Hey there! I hope I've included enough information here; more than happy to add more info/detail as needed (apologies if I glazed over anything here).
My domain is: nmdp.org
I ran this command: (requesting renewal of several different certificates with more than a dozen or so domain names, using Ansible playbooks with the Ansible Crypto ACME modules, see below)
It produced this output:
Repeated SERVFAIL responses on CAA lookups, originally without a CAA record present for our domain, but also after creating CAA records it continues to happen. This is been happening for at least a few weeks now and a couple network engineers and myself have been scratching our heads on this trying all sorts of tests from various locations with various levels of intensity and we can't seem to reliably replicate the SERVFAIL errors. We also don't seem to have any indication from our DNS proxy provider (Imperva) that anything is going wrong here (we have a support ticket opened up with Imperva but still getting traction on that).
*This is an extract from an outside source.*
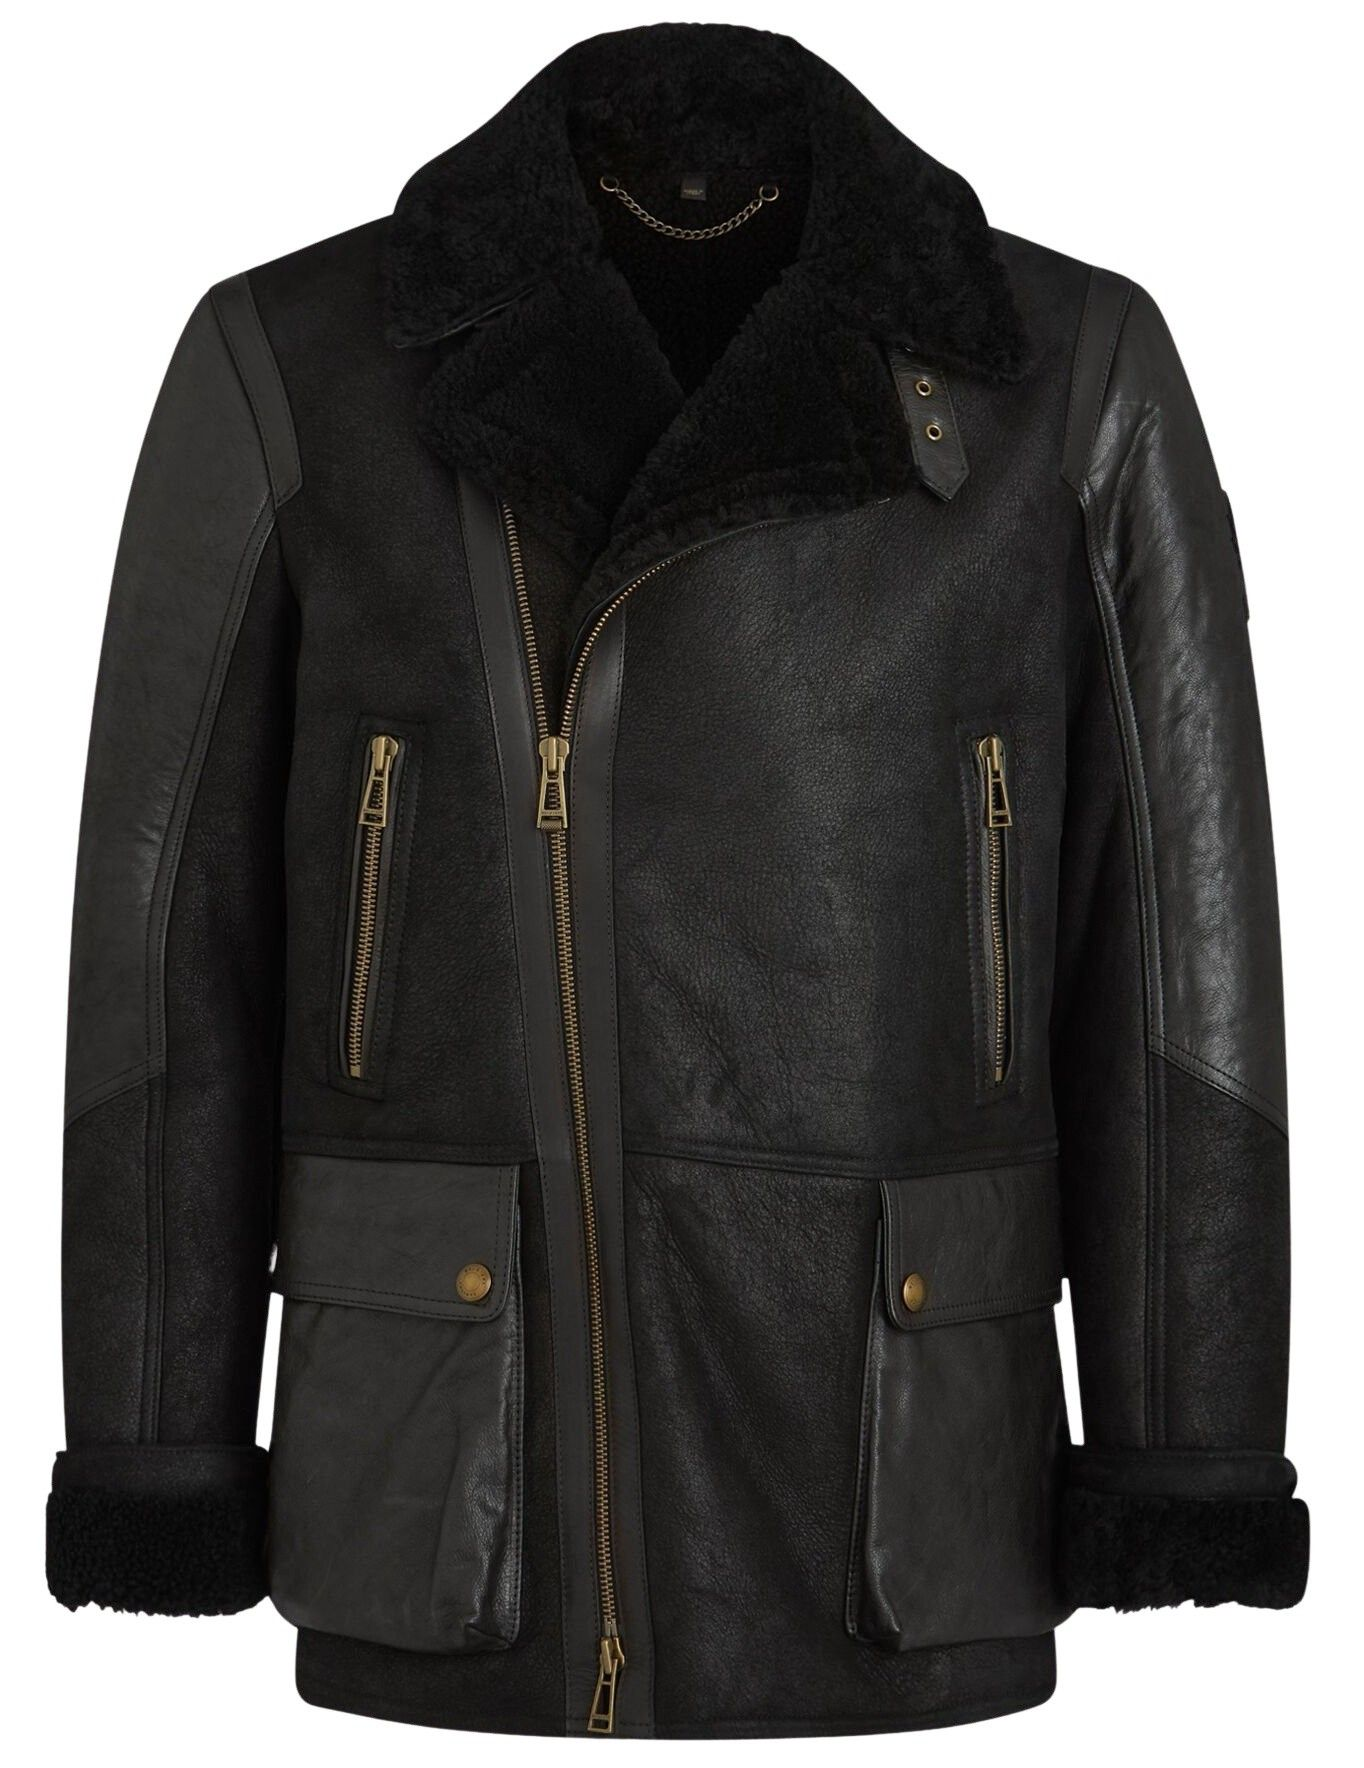 BELSTAFF - Herren Jacke - Dennison Jacket - Black/Black

It's seemingly sporadic, and not always the same SAN/domain that comes back with the SERVFAIL, and not specific to wildcards or nonwildcards, and not specific to my domain name (nmdp.org) nor the subdomains we're listing as SANs.
If the error does happen to occur on a smaller cert (say, less than 8-10 domains) simply rerunning our automation job is successful. On these few larger certificates, it doesn't appear to help waiting any number of days waiting to retry.
My web server is (include version): (n/a, though using latest version or N-1 version of Ansible Crypto ACME modules)
The operating system my web server runs on is (include version): Running on Linux (Ubuntu, I believe), in Ansible execution runner containers.
My hosting provider, if applicable, is:
DNS: Imperva (proxying in front of Infoblox).
I can login to a root shell on my machine (yes or no, or I don't know): yes
I'm using a control panel to manage my site (no, or provide the name and version of the control panel): no
The version of my client is (e.g. output of certbot --version or certbot-auto --version if you're using Certbot):
Ansible Crypto acme_certificate_module (community.crypto.acme_certificate module – Create SSL/TLS certificates with the ACME protocol — Ansible Community Documentation)
Other actions we've run/tested:
- Nothing particularly obvious when looking at LetsDebug
- CAA results appear as expected via unboundtest.com
- I didn't notice any egregious issues on check-your-website.server-daten.de (though I could have missed something there)
- We haven't been able to reproduce this as consistently over the Let's Encrypt Staging environment; we still get CAA failures on two of our larger certs, though occasionally get back a successfully issued cert in Staging (whereas Production hasn't seen a successful issuance on those certs in two weeks or so, failing on the CAA SERVFAIL errors)
I'd love for there to be a giant red flag somewhere, but I haven't been able to find it yet.
Any help on this would be awesome, even if just spitballing some more ideas.
Thanks!